Et n’est-ce pas pour cela que nous voyageons aussi ?

Au-delà d’être dépourvu de bruit, le silence reposant des lieux calmes a une présence. Vous pouvez le reconnaître dans des moments d’émerveillement religieux ou spirituel, entrer dans un flux en jouant de la guitare ou en courant, passer du temps dans la nature ou vivre des événements profonds comme faire un voyage qui change la vie. À ces moments-là, vous pouvez vous sentir spacieux et expansif, comme si vous flottiez en dehors du temps et de l’espace.

Je me sens comme ça quand je voyage à Wadi Rum. Mon coin tranquille n’est pas toujours sans bruit : assis sur une dune au coucher du soleil, j’écoute le doux murmure du vent contre les grains de sable. En quittant ma tente à l’aube, j’aperçois le beuglement des chameaux revenant de leurs excursions quotidiennes. Un crépitement du feu remplit les longues pauses des discussions de fin de soirée. La présence de ce silence est un baume qui m’aide à me connecter au cœur de qui je suis.

Marz et Zorn sont d’accord : “Bien que nous aimions tous les deux trouver le silence dans des environnements sonores calmes, au milieu de la neige vierge des montagnes Sangre De Cristo du Nouveau-Mexique ou au plus profond de la nature sauvage de l’Alaska, nous trouvons également un certain type de silence dans des activités immersives dans lesquelles nous laissons de toutes les pensées ruminantes », dit Marz.
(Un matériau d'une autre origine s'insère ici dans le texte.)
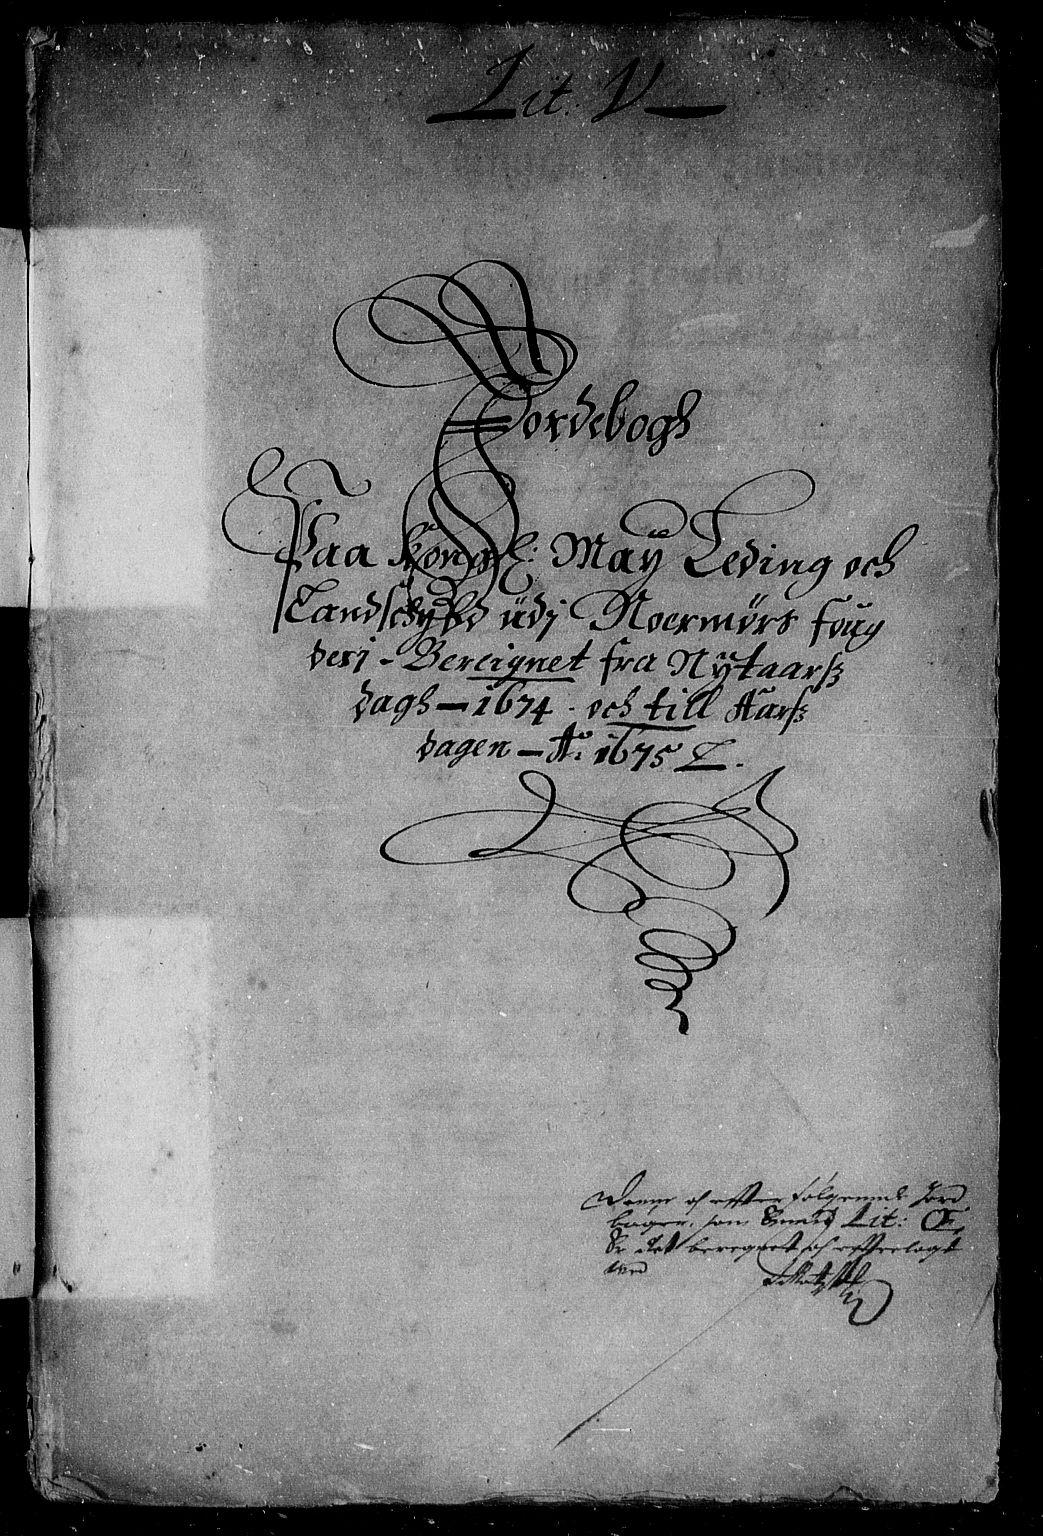 RA, Rentekammeret inntil 1814, Reviderte regnskaper, Stiftamtstueregnskaper, Trondheim stiftamt og Nordland amt, R/Rd/L0042: Trondheim stiftamt, 1670-1675

De nombreuses études ont montré que l’expérience du silence a avantages réels et tangibles. Il a été associé à une réduction des niveaux de stress et d’anxiété et conduit à un meilleur sommeil, une meilleure concentration et une créativité accrue. Et les humains ne sont pas les seuls à avoir besoin de silence pour prospérer : la pollution sonore croissante est perturber les schémas établis de longue date pour de nombreuses espèces d’animaux sauvages allant des chenilles et des colibris aux dauphins et aux baleines.
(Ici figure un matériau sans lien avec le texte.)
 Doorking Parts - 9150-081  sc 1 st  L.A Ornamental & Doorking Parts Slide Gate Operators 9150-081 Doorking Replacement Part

Il n’est donc pas surprenant que la recherche du silence partout où nous allons soit en augmentation. Cette année, c’est l’une des principales tendances affectant les décisions sur la façon dont nous voyageons. Dans une récente enquête de Booking.com, 40 % des voyageurs ont déclaré qu’ils seraient intéressés par réserver une retraite silencieuse. Il Mouvement des parcs tranquillesDédié à la protection des derniers endroits calmes de la Terre – de vastes zones sauvages qui offrent une beauté sonore exceptionnelle et de longues périodes de pure tranquillité naturelle – il a pris de l’ampleur depuis 2019. En plus de reconnaître les zones de nature calme, l’organisation à but non lucratif a accordé son “calme” désignation sur neuf zones urbaines dans le monde, avec huit autres (endroits comme la réserve naturelle de Heiðmörk à Reykjavík et le parc du mont Tabor à Portland, Oregon) en cours d’évaluation.

De nombreux voyageurs ont déjà fait du silence et de la tranquillité une considération clé lorsqu’ils décident où aller. Kristina Baraba, chef de projet basée à Londres, a réservé un voyage dans les îles éoliennes de Sicile l’été dernier car il n’y aurait pas de connexion Internet. La photographe nomade Cassandra Jackson-Baker est de retour à Sao Vicente sur la côte nord-ouest de Madère depuis une décennie, louant des cabines isolées pour éviter le bruit et les perturbations. « Je suis plus créative lorsque le monde est calme et immobile », dit-elle. La blogueuse de voyage et journaliste La Carmina a commencé à inclure des escapades paisibles dans son itinéraire après avoir séjourné avec des moines bouddhistes sur le mont Kōya au Japon, où elle a fait de paisibles promenades dans la nature à travers le cimetière boisé d’Okunoin, le plus grand du Japon.

Les auteurs ont une affirmation passionnée et persistante : le silence n’est pas un luxe et ne devrait pas être quelque chose auquel seules quelques personnes ont accès. Au lieu de cela, il s’agit d’un ancien mécanisme de survie et d’un droit humain. Au-delà de voyager dans un endroit calme, ils proposent des stratégies pour trouver des espaces de silence quotidiens, comme obtenir des «chocs» rapides de la nature, comme prêter attention au chant des oiseaux.

J’essaie d’y penser à chaque fois que je quitte le Wadi Rum, je retourne à mon bureau où les obligations, les notifications et le stress reviennent doucement. Mais il y a un espace en moi où je peux profiter de ce silence. La sensation du désert y est présente, m’appelant à revenir dès que possible.